As I said, it’s a good argument, but I am not entirely certain that the conclusion is very useful. Yes, of course, ‘we’ can use the feminine endings, but as much as I am sceptical about policing language in the case of suicide, I also tend to be sceptical of imposing a ‘new language’ on a society. In fact, when I was looking for examples for masculine-only professionals labels, I couldn’t find so many. To a considerable extent the society has taken care of the language. And it continues to do so. The issue, rather, is that women themselves don’t want to use them (here is a report) and suffer a backlash when they do (here is another report). And we can use all those forms all we want, and in academia we probably will, until they are perceived as ‘normal’, it’s very hard to simply impose them. Indeed, when I tell friends that a female dean started using the form dziekana (fem. ‘dean’), they’re sceptical, they don’t like it. It is the masculine version that carries the ‘real deanship’.
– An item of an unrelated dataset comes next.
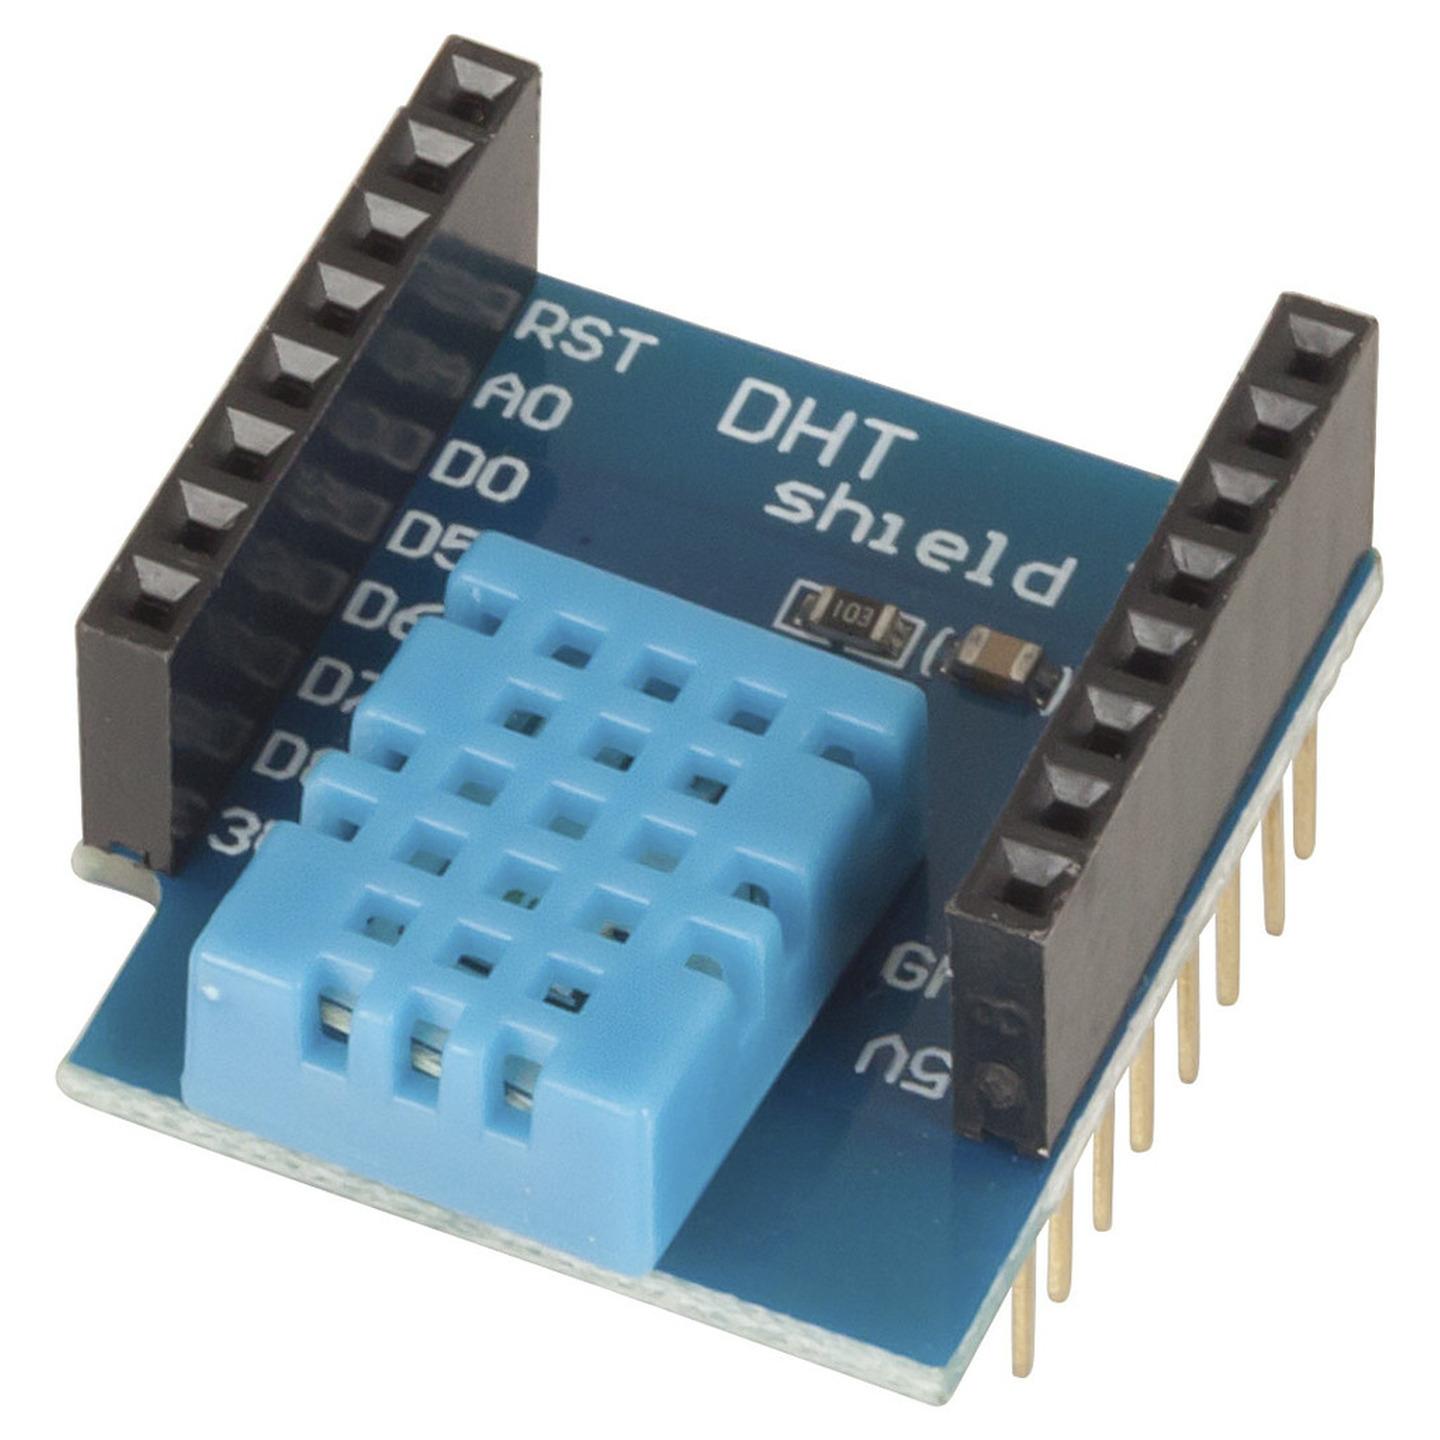 Duinotech Wi-Fi Mini DHT11 Temperature and Humidity Sensor Shield

This is because I think that the whole debate about words referring to men and women is not linguistic at all. Equally, the source of resistance to the new vocabulary (which, historically, is not new at all, in fact) is not linguistic (even if it pretends to be). This is a debate about ideology, about the way the society is founded, it is about gender, gender assumptions and beliefs. It is about women, men, their social positions, relationships and their power. Language reflects it and, yes, of course, it also reinforces it, but I really don’t think changing a few dozen nouns will change the society. Yes, it is likely that the symbolism of the new nouns will be important, but in my view, it is considerably more important to create a space for a different kind of way of talking, not space for a different kind of vocabulary. In other words, the debate should be about so much more than only about nouns.